The data:
• • • • • • •

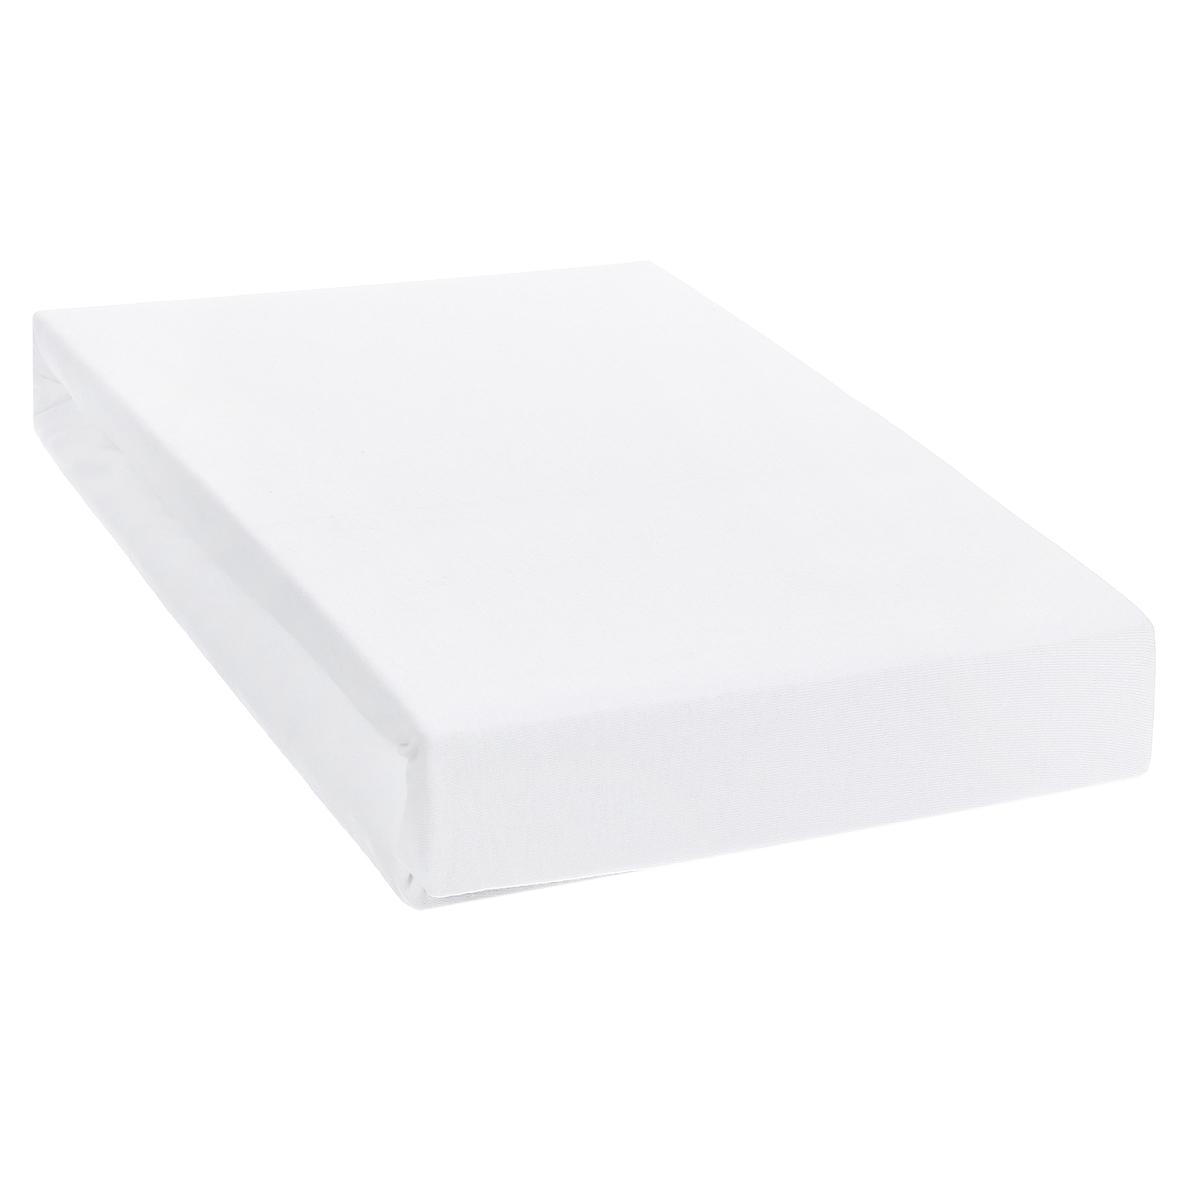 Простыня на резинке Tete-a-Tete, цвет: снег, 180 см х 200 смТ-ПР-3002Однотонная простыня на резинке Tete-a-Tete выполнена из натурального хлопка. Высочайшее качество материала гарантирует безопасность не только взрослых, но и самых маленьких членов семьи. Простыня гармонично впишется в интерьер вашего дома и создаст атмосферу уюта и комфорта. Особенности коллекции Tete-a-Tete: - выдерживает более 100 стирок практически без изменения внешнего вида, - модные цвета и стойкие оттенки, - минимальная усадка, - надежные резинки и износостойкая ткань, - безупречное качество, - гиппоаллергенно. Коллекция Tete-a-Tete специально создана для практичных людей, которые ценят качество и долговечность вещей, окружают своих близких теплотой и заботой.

• • • • • • •

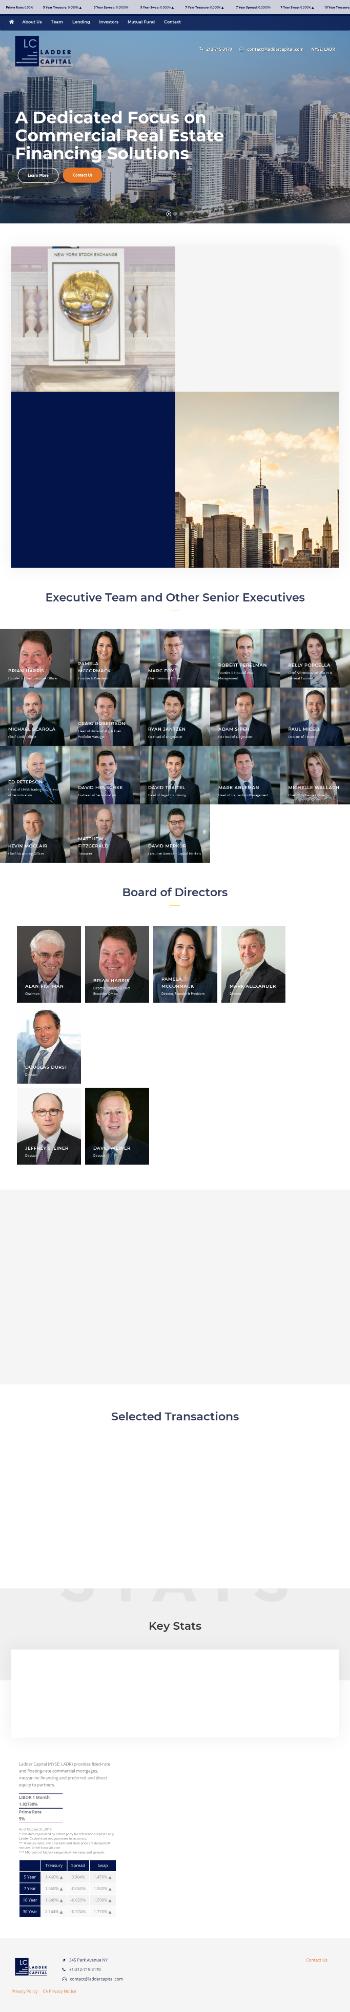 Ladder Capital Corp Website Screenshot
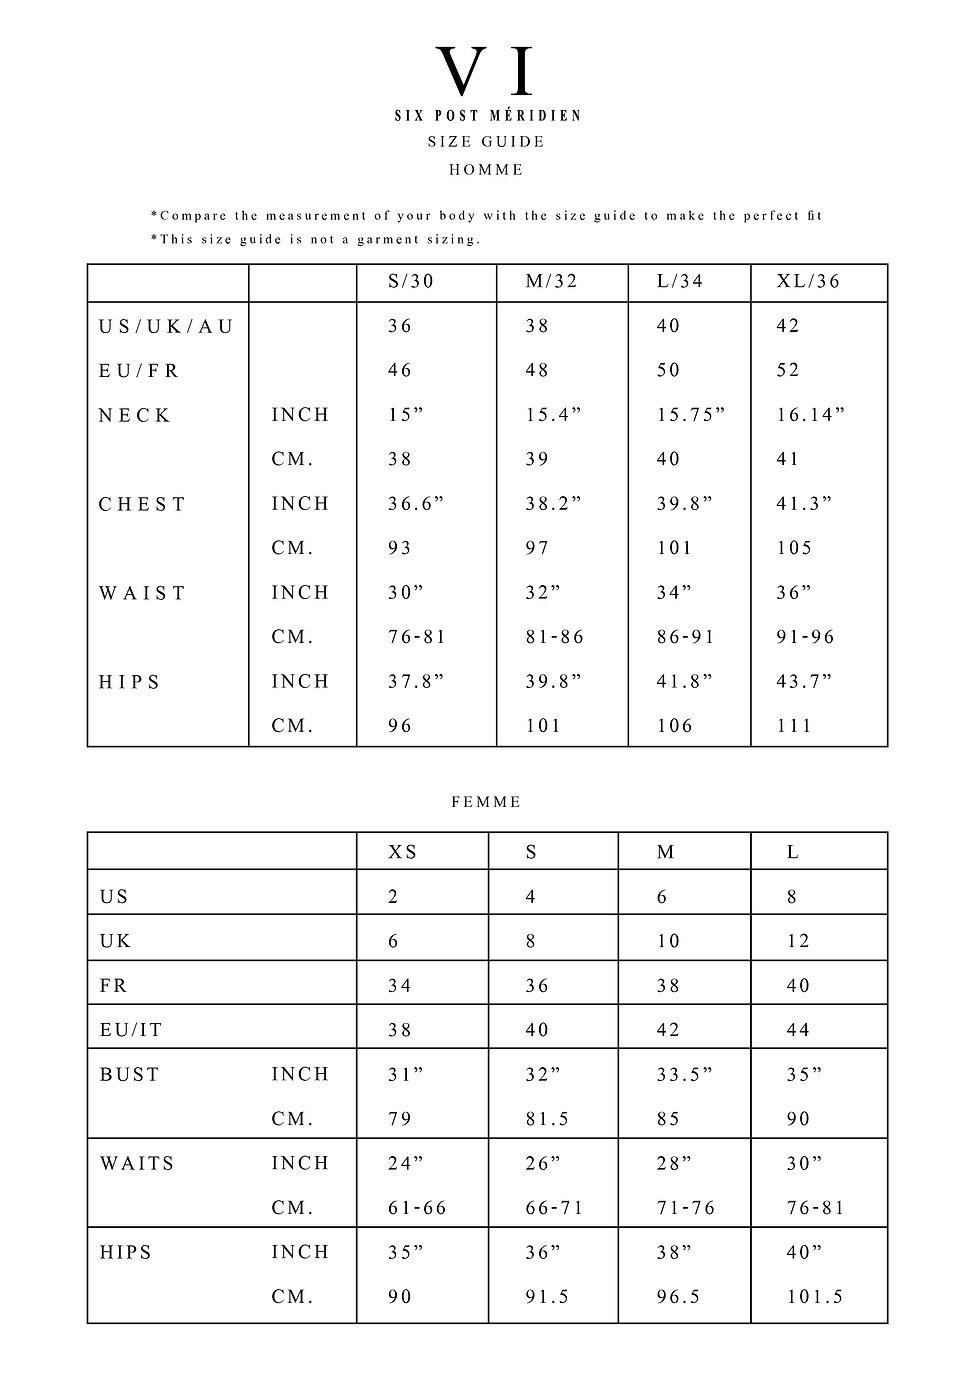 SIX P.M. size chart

• • • • • • •

Problem to solve: Only the lines above from the one with "Ladder Capital Corp Website Screenshot" to the one with "SIX P.M. size chart" should be printed, both included and exactly as written; no picture belongs in the copy.

Your solution:
 Ladder Capital Corp Website Screenshot
 SIX P.M. size chart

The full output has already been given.